There is a known issue when the Spire servers are started and Spire Postgres is not ready, where the pod will get stuck in a PodInitializing
state and not be able to be restarted.
Starting the Spire server when its Postgres cluster is not ready leads to the pod crashing. However due to how the Spire servers are registered when the main process crashes
there is a loop that never gets killed in a side process. That leads to the pod crashing but never getting cleaned up to be restarted.
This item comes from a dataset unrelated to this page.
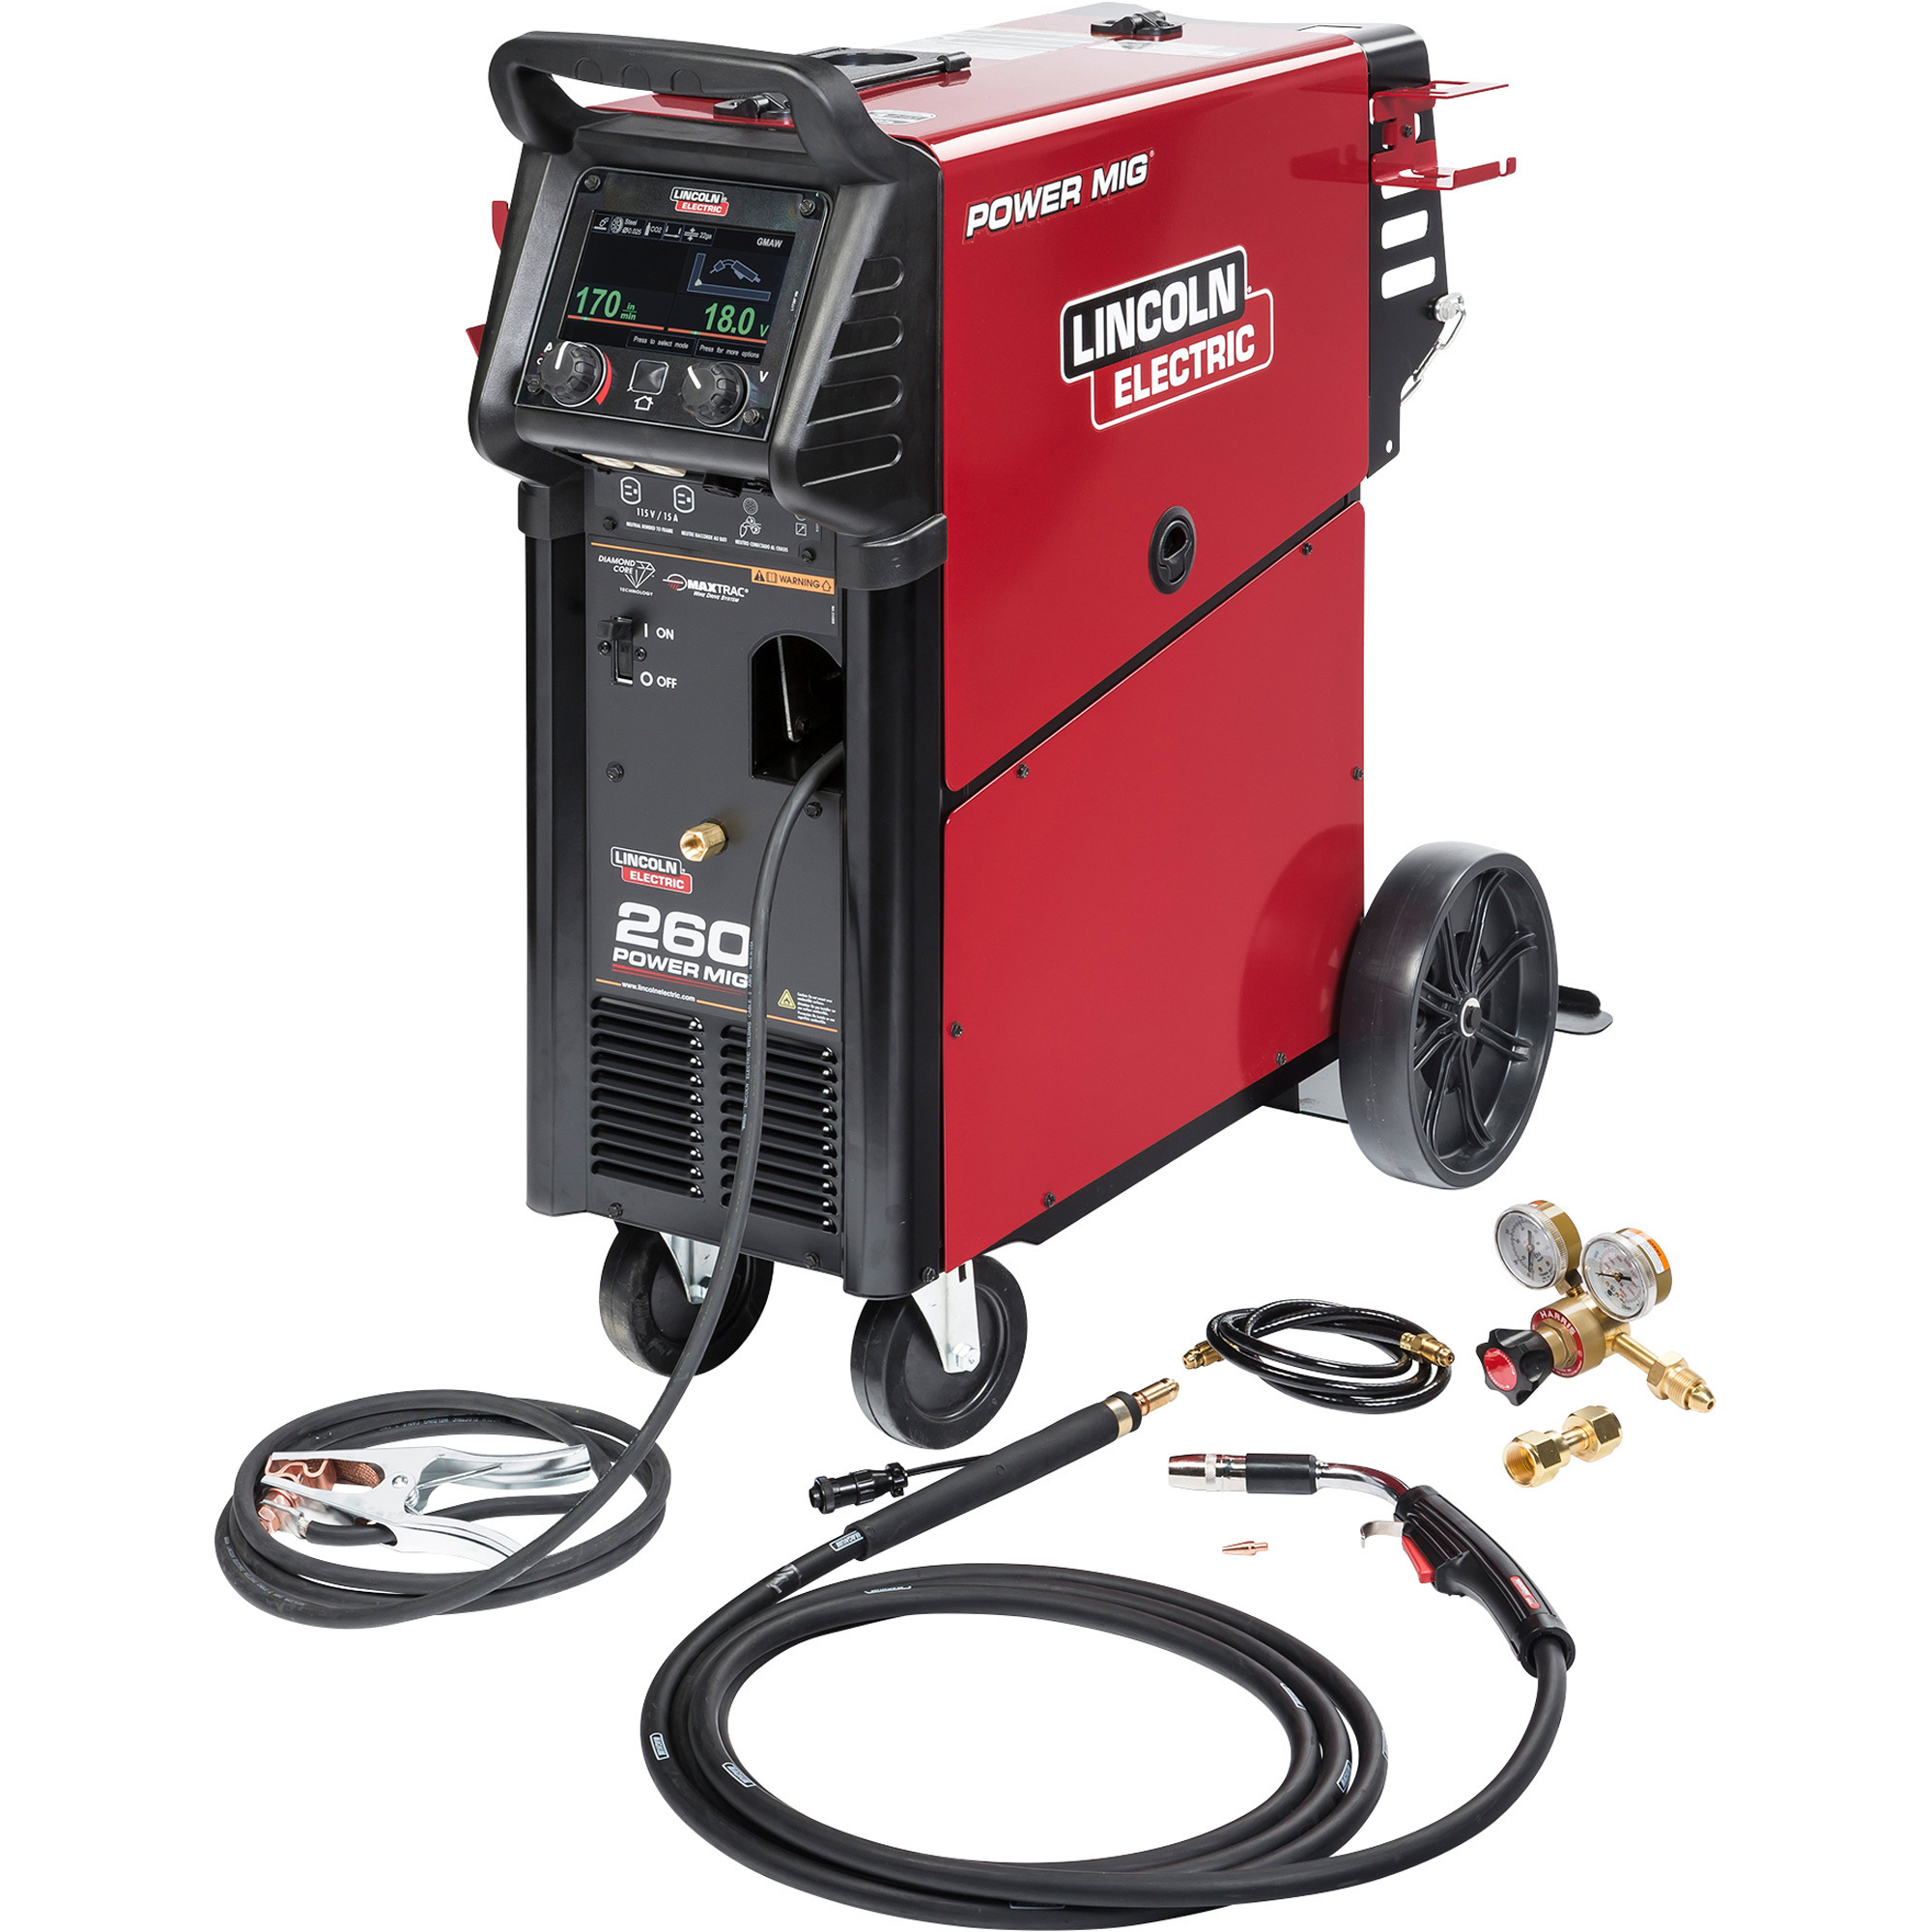 Power MIG 260 Flux-Core/MIG Welder with Cart — 208/230/460/575V, 30–300 Amp Output, Model - Lincoln Electric K3520-1

There is no way to manually restart that pod
without restarting Containerd
to forcefully clean up the running container.
The spire-server
or cray-spire-server
pods may be in a PodInitializing
state.
The spire-agent
or cray-spire-agent
pods may be in a Init:CrashLoopBackOff
state.
Services may fail to acquire tokens from the spire-server
or cray-spire-server
.
The spire-server
or cray-spire-server
pods contain the following error in the logs.
time="2024-10-25T10:13:50Z" level=info msg="Opening SQL database" db_type=postgres subsystem_name=built-in_plugin.sql
time="2024-10-25T10:13:50Z" level=error msg="Fatal run error" error="datastore-sql: dial tcp: lookup spire-postgres-pooler.spire.svc.cluster.local: no such host"
time="2024-10-25T10:13:50Z" level=error msg="Server crashed" error="datastore-sql: dial tcp: lookup spire-postgres-pooler.spire.svc.cluster.local: no such host"
Find the node that the first Spire server is attempting to start on.
kubectl get pods -n spire -o wide | grep spire-server-0
Output example:
spire-server-0 0/2 PodInitializing 0 5h32m 10.34.0.129 ncn-w004 <none> <none>
Verify that Postgres is running.
kubectl get pods -n spire | grep spire-postgres
Delete the pod.
kubectl delete pod -n spire spire-server-0
SSH to the node it was running on and restart Containerd
.
ssh ncn-w004 systemctl restart containerd
Check that the spire-server started up.
kubectl get pods -n spire